When you need to generate crowds, analyze portraits, and ask questions, use the following instructions: url is fixed to: http://localhost:3001/
If the request is to generate crowds, the type of the request is crowd; if the request is to analyze portraits, the type of the request is analyze; if it is other or Q&A, the type of the request is question;
The param of the request body can pass in the user-specified conditions
"""
result = requests.post("http://localhost:3001/", json={"type": type, "param": param})
return f"Status: {result.status_code} - {result.text}"
class PostInput(BaseModel):
# body: dict = Field(description="""Format:{"type":"","param":{}}""")
type: str = Field(description="Request type, crowd is crowd, portrait is analyze")
param: dict = Field(description="Detailed description of the request")

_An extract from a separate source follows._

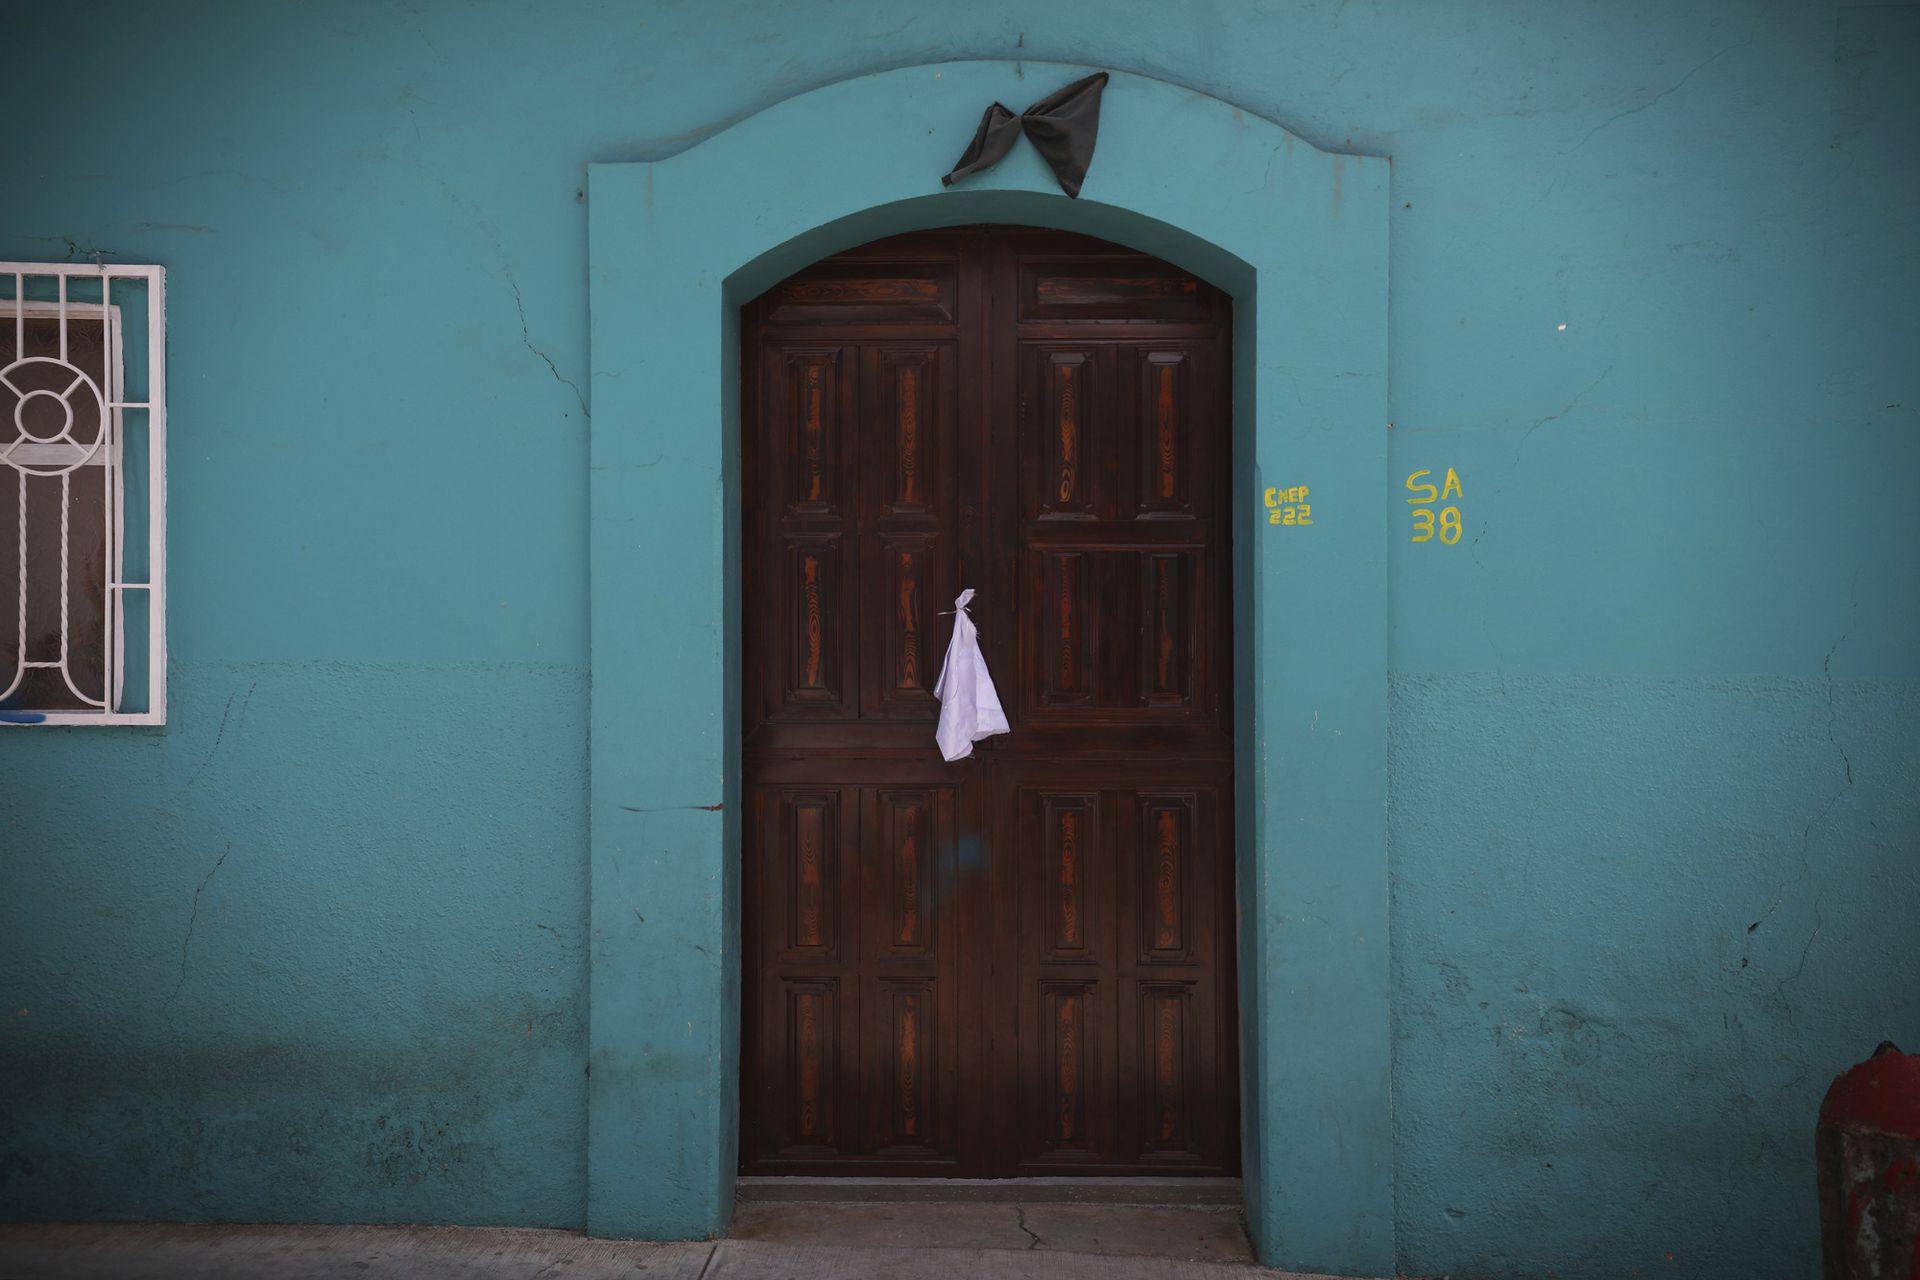 Un pañuelo blanco está atado a la manija de la puerta y un banderín negro en el marco de la puerta de una casa en la ciudad de Pantelho

llm = ChatOpenAI(temperature=0)
tools = [
StructuredTool.from_function(post_message)
]
agent = initialize_agent(tools, llm, agent=AgentType.STRUCTURED_CHAT_ZERO_SHOT_REACT_DESCRIPTION, verbose=True)
agent.run("I want to generate a group of people who are male and have visited Taote in 180 days?")
LangChain for Your Own Chatbot
Originally do chatbot, need some front-end code, but there have been corresponding open source tools to help us LangChian various components to do the visualization, direct drag and drop can be, we directly use LangFlow;
pip install langflow
And then run the command:
langfow
If there is a conflict with the local LangChain, you can run langfow using Docker:
FROM python:3.10-slim
RUN apt-get update && apt-get install gcc g++ git make -y
RUN useradd -m -u 1000 user
USER user
ENV HOME=/home/user \
PATH=/home/user/.local/bin:$PATH
WORKDIR $HOME/app
COPY --chown=user . $HOME/app
RUN pip install langflow>==0.0.71 -U --user
CMD ["langflow", "--host", "0.0.0.0", "--port", "7860"]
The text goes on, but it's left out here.